男はギルドカードをひったくって踵を返した。だが、出ていくのかと思ったらそうではなく、そのままギルド併設の酒場へと移動しただけだった。


ジョーズ 「へっ、答えねぇなら、ここで見張ってるだけだ。そのうち納品に来るんだろうからな」


ジョーズはざまみろという笑顔である。


仕方がない、レベッカは、後でリュー(とレスター)に、おかしな奴が来ていると警告しておこうと思ったのだが…


間の悪い事に、ちょうどその日、レスターがマンドラゴラを納品に来てしまったのであった。


レベッカは待たせてしまった冒険者達の対応に追われ、ギルドにレスターが入って来たのに気付くのが遅れた。
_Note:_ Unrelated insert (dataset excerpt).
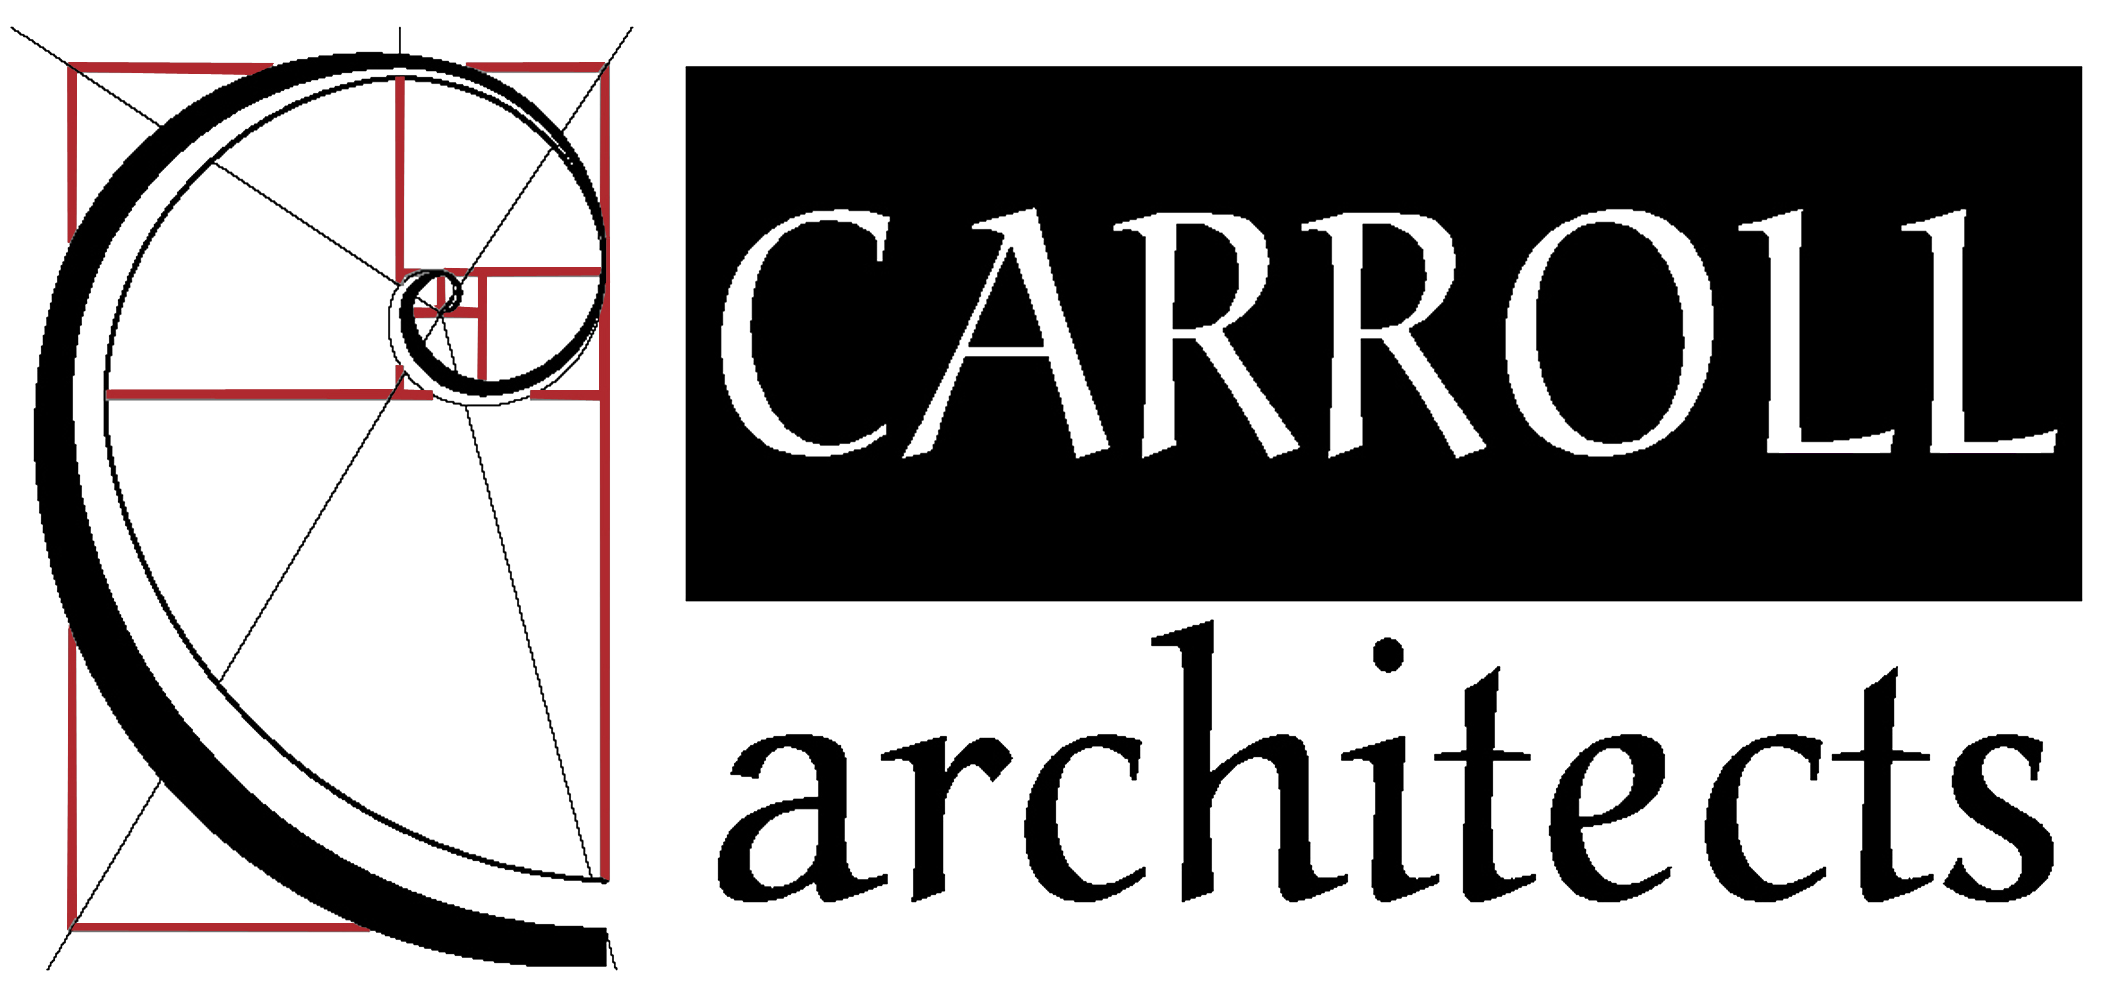 Carroll Architects

レスターは受付には行かずに、納品カウンターに直行してしまったのだ。レスターに気付いたレベッカが慌てて席を立ったが時既に遅し。


レスターが納品カウンターに出したマンドラゴラをジョーズは目ざとく見つけ、ニヤリと笑っていた。


ジョーズ 「なんでぇ、ガキじゃねぇか。今回の仕事は楽勝だな」



― ― ― ― ― ― ―


次回予告


逃げて~


乞うご期待!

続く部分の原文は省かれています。